The Inconvenient Indian
- First edition cover
- Author: Thomas King
- Publisher: Doubleday Canada
- Publication date: November 13, 2012
- Awards: Governor General's Award for English to French translation (2014); RBC Taylor Prize (2014);
- ISBN: 978-0-385-66421-9

= The Inconvenient Indian =

2012 nonfiction book by Thomas King

The Inconvenient Indian: A Curious Account of Native People in North America is a book by American-Canadian author Thomas King, first published in 2012 by Doubleday Canada. It presents a history of Indigenous peoples in North America. The book has been adapted into a documentary film titled Inconvenient Indian directed by Michelle Latimer, which premiered at the Toronto International Film Festival in 2020.

Although King claimed to be of partial Cherokee descent when The Inconvenient Indian was published, King accepted findings by genealogists that he has no Indigenous ancestry in 2025.

== Summary ==
King's work is an account of the history of indigenous rights and treaties in North America. He notes the portrayal of indigenous peoples in popular media as having contributed greatly to public knowledge of North American Indians. The book ends on the following note: "If the last five hundred years are any indication, what the Native people of North America do with the future should be very curious indeed."

== Publication history ==

- King, Thomas (2012). "The Inconvenient Indian: A Curious Account of Native People in North America"
- King, Thomas (2014). "L'Indien malcommode : un portrait inattendu des Autochtones d'Amérique du Nord"
- King, Thomas (2017). "The Inconvenient Indian Illustrated: A Curious Account of Native People in North America"

== Reception ==

=== Reviews ===
Publishers Weekly referred to The Inconvenient Indian as "intelligent and eye-opening". They highlighted how "King demonstrates with sharp and swift strokes how the U.S. and Canada have repeatedly treated Natives as an inconvenience, an obstacle to be rid of, moved, or carefully rounded up, then reimagined altogether. It’s also a book that charts how such injustices are often replaced by kinder, more audience-friendly historical narratives".

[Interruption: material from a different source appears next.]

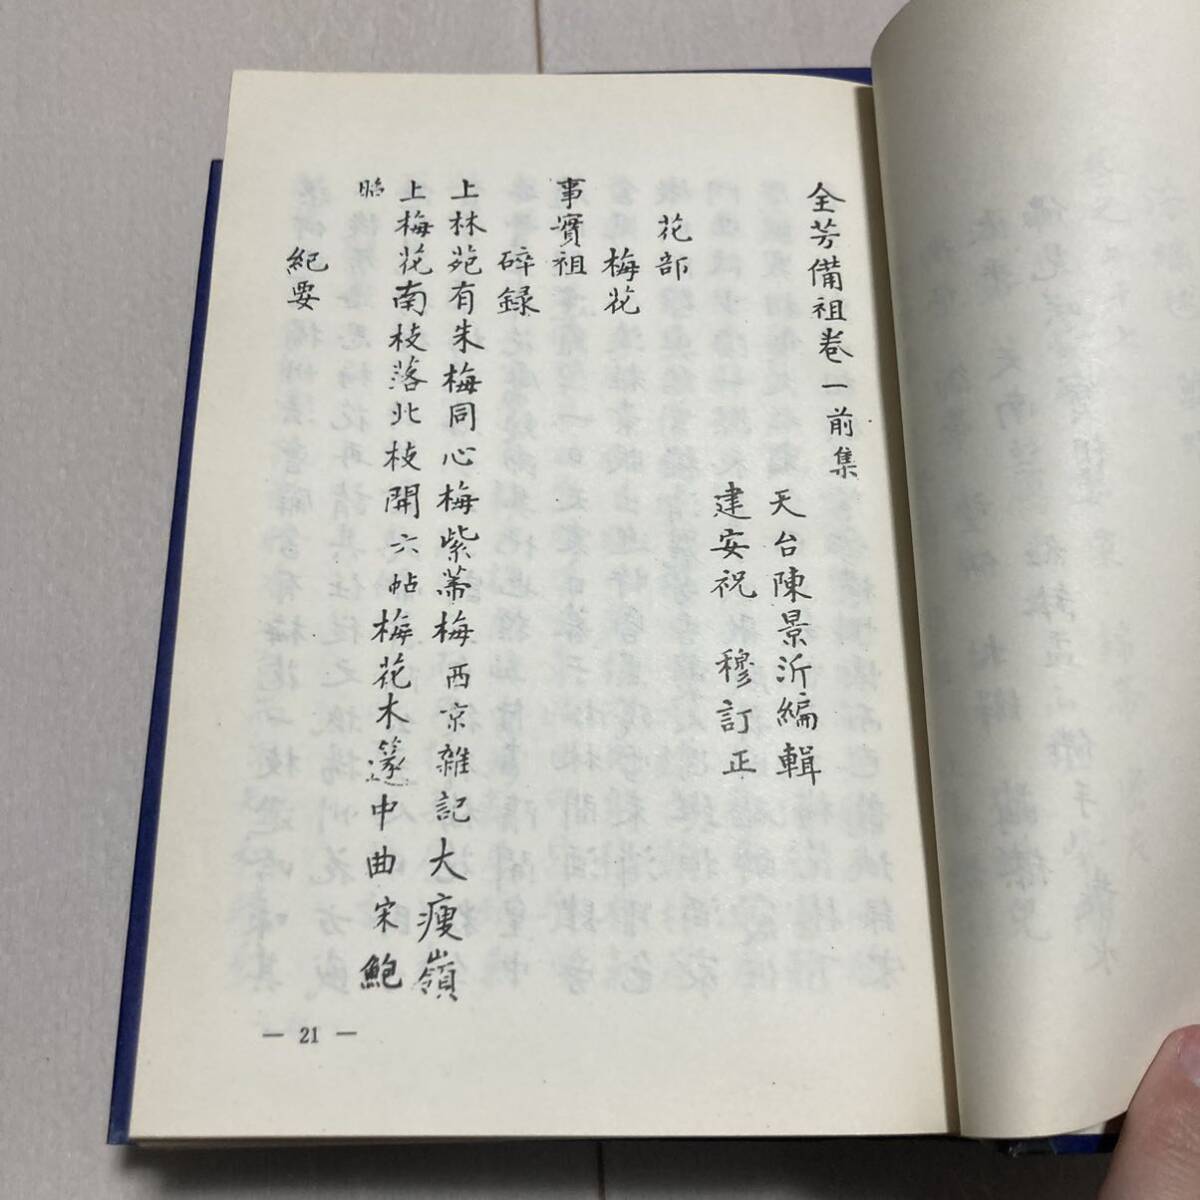 J 1982 год выпуск Tang книга@. печать версия . оборудование книга@ China документ [ China ...книга@0. все .0.] все 2 шт. .

According to Kirkus Reviews, King's "wit and storytelling talent make the book easy to read; more importantly, his humor may keep readers from wanting to scream at the injustices". Publishers Weekly similarly noted how King "scathes, chides, and often pokes fun" throughout the book, which "suffers from a unilaterally sardonic tone that seethes with understandable indignation but leaves too little space for hope or progress".

Kirkus Reviews concluded that, despite having "way too many lists", The Inconvenient Indian is "a solid book and a good look at what can be done in the future of Indian-white relations".

=== Awards and honours ===
In 2015, The Inconvenient Indian was nominated for the Canada Reads competition, where it was defended by Craig Kielburger. It won the Canada Reads foreshadowing event from the Lennoxville Library, defended by Tim Belford.

Awards for The Inconvenient Indian
| Year | Award | Result | Ref. |
| 2013 | Hilary Weston Writers' Trust Prize for Nonfiction | Nominated |  |
| NAISA Prize for Best Subsequent Book | Won |  |
| Trillium Book Award | Finalist |  |
| 2014 | British Columbia National Award for Canadian Non-Fiction | Won |  |
| Burt Award for First Nations, Métis and Inuit Literature | Finalist |  |
| Governor General's Award for English to French translation | Won |  |
| RBC Taylor Prize | Won |  |

== Adaptations ==
The Inconvenient Indian was adapted into a documentary film titled Inconvenient Indian directed by Michelle Latimer, which premiered at the Toronto International Film Festival in 2020. The film won Best Canadian Feature Film at the festival.